- Theatrical release poster
- Directed by: Claude Chabrol
- Written by: Paul Gégauff
- Based on: Murder at Leisure by Hubert Monteilhet
- Produced by: André Génovès Georges Casati Jean Paul Belmondo (uncredited)
- Starring: Jean-Paul Belmondo Mia Farrow Laura Antonelli
- Cinematography: Jean Rabier
- Edited by: Jacques Gaillard
- Music by: Pierre Jansen
- Production companies: Certio Films Les Films La Boëtie Rizzoli Film
- Distributed by: Les Films La Boëtie Cinema International Corporation
- Release date: 1972;
- Running time: 115 minutes
- Countries: France Italy
- Language: French
- Box office: 2,062,042 admissions (France)

= Dr. Popaul =

Dr. Popaul is a 1972 French black comedy film directed by Claude Chabrol. also known under the titles High Heels and Scoundrel in White. Based on the 1969 novel Murder at Leisure by Hubert Monteilhet, the film tells the story of an inveterate womaniser who, after marrying an unattractive but rich girl, seduces her prettier sister and has a baby with her. The revenge of his wife is painful and fatal.

==Plot==

As a medical student, Paul became celebrated for the conquest of unattractive girls, finding them more satisfying than prettier ones. On holiday in Tunisia he met Christine, a shy young woman with a crippled leg, and took her virginity. Back in France he met her father, owner of a lucrative private clinic, who offered to make him co-director of the clinic if he married Christine.

At the wedding he met her beautiful younger sister, Martine, and applied himself to removing all her suitors one by one. He then took to drugging Christine so that he could spend the nights with Martine, who had his baby. He thought he had a happy family of wife, mistress, and child until a mysterious road accident left him crippled for life and emasculated.

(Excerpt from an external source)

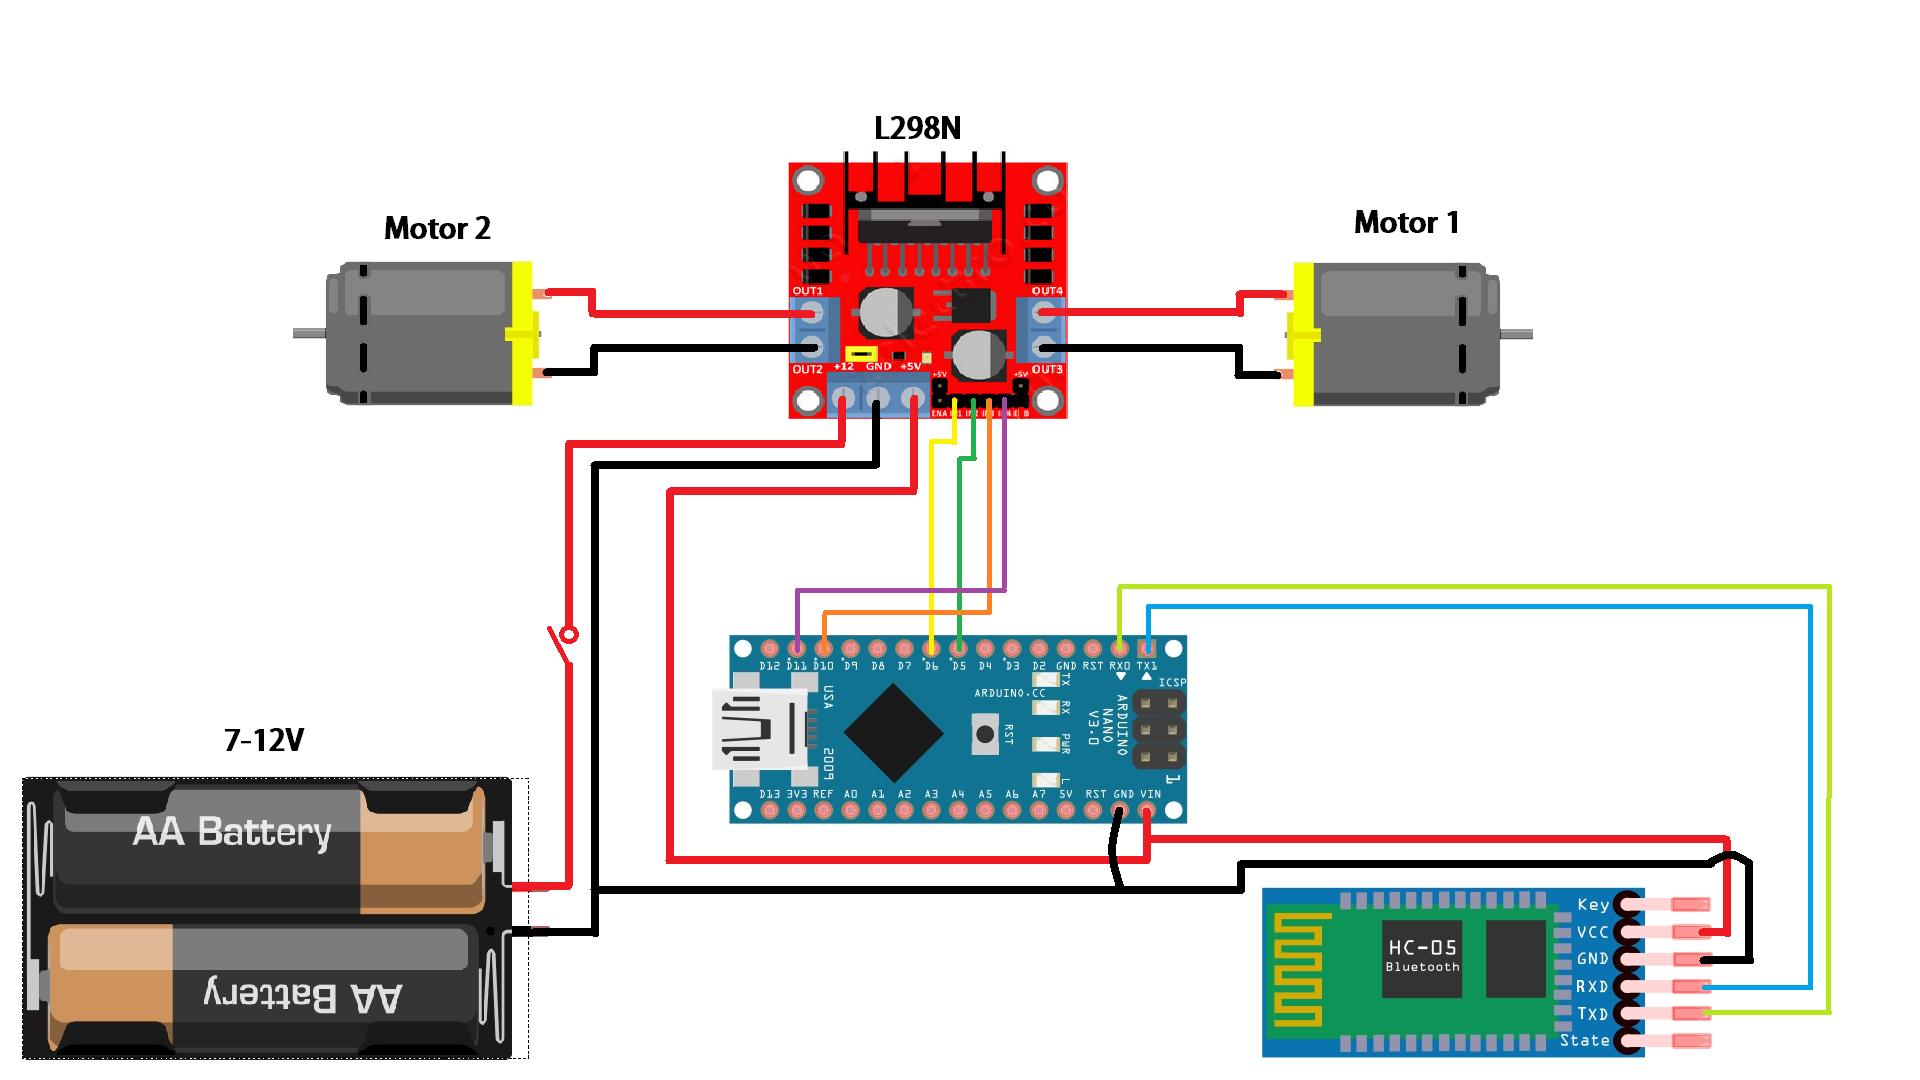 Picture of Wiring Diagram/Circuit Diagram

Martine left him, and Christine brought him a drug so that he could end it all. After he took the drug, over the intercom Christine explained that while he was cavorting with Martine she was comforted by the co-director Berthier. Together they staged the accident, after which Berthier operated to remove Paul's mobility and virility. Paul screamed for help, but the room was soundproofed.

==Production==
The film was the first movie from Belmondo's own production company, Cerito Films.

==Reception==
At the time of its release, it was the biggest hit of Chabrol's career. It grossed $2 million in its first month of release in France. However it was not released in Britain until 1976, where it was titled Scoundrel in White. It was not released in the US until 1981, where it had the title High Heels.

The film received mixed reviews upon release. The New York Times said "the performances are uniformly good" but "more interesting than the movie itself is the way its concerns with guilt and roletrading relate to other, far better Chabrol films." Time Out called it a "coarse farce" that "looked more like the director's revenge on the French mass audience, who had consistently ignored his good movies, but would accept anything with Belmondo." "It stinks" said the Los Angeles Times.